It looks to my casual research like the Union Pacific Overland Route and a Central Pacific Route were some of the earliest.
I'm primarily wondering: were these railroad construction projects meticulously planned? Did the railroad companies (presumably without any revenue as of yet) send out surveyors and engineers to plan the routes? I've had a longstanding impression that they used dynamite to blast through terrain that was in the way; is that so, and if so, were those blasts preplanned before construction began?
The railroads you mention were the ones who constructed the Transcontinental Railroad, opened 1869, decades after railroads came to the US.
Railroads were initially built as ways to get goods to market, either collecting produce from a productive agricultural region for shipment from an ocean or river port, or shortcutting a longer water or wagon road route. Carriage of manufactured goods the other way, and passengers, were important but secondary parts of the calculus. Later, linking together territories for political reasons became an important rationale.
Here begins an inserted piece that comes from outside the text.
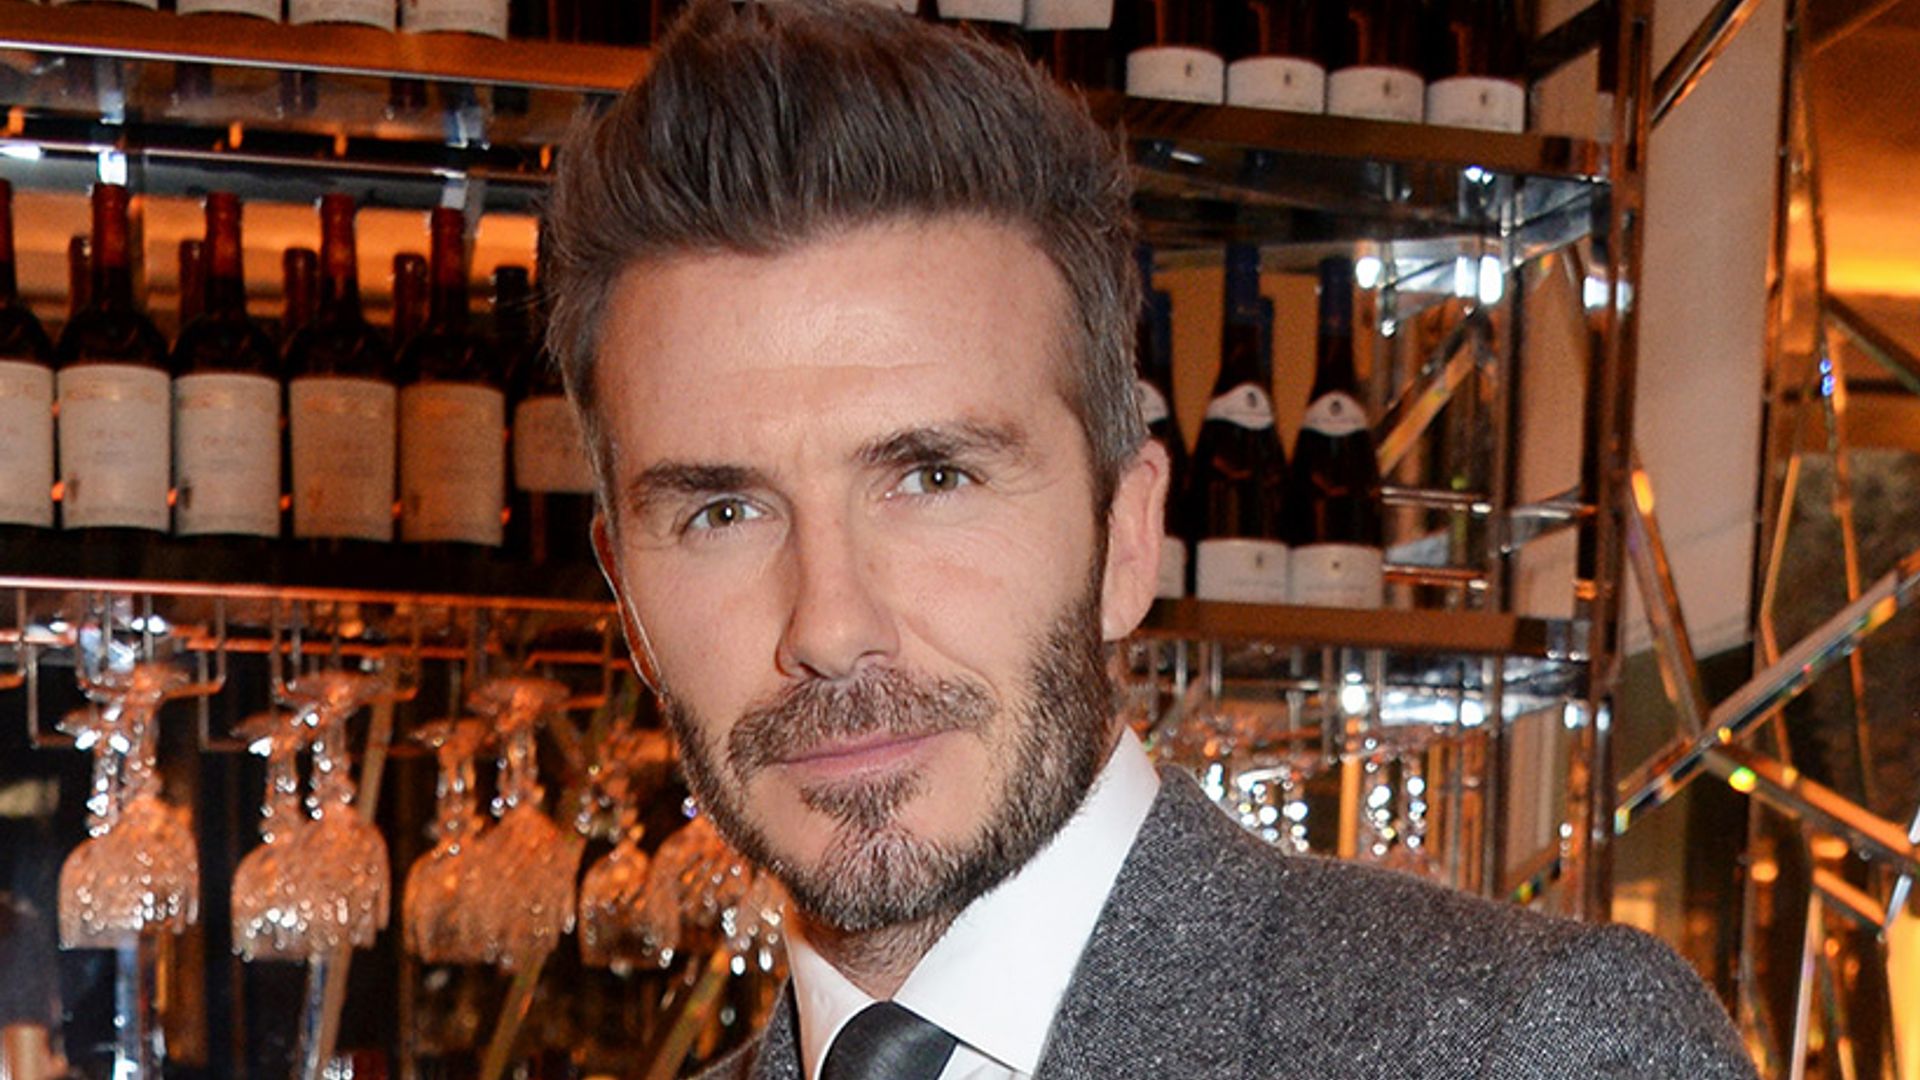 Has David Beckham had hair growth treatment? See the before and after pics

19th century railroad projects couldn't be as meticulously planned as they can today. The first step was determining a general route, constrained by terrain, available mountain passes, water sources, and to some extent, political considerations. The US Army conducted the Pacific Railroad Surveys in the 1850s, and Congress in 1862 chose a general route. The railroad companies then employed surveyors to determine specific routings to conquer steep grades, avoid long lines of fill, and bridge rivers and creeks economically. A talented surveyor able to envision the various tradeoffs of different lines of road could save the railroad millions of dollars and months of work. Once the line of road had been determined, the on-the-ground work of filling, blasting, and grading was supervised by others working on short stretches. There was no set of complete construction drawings as we would have today.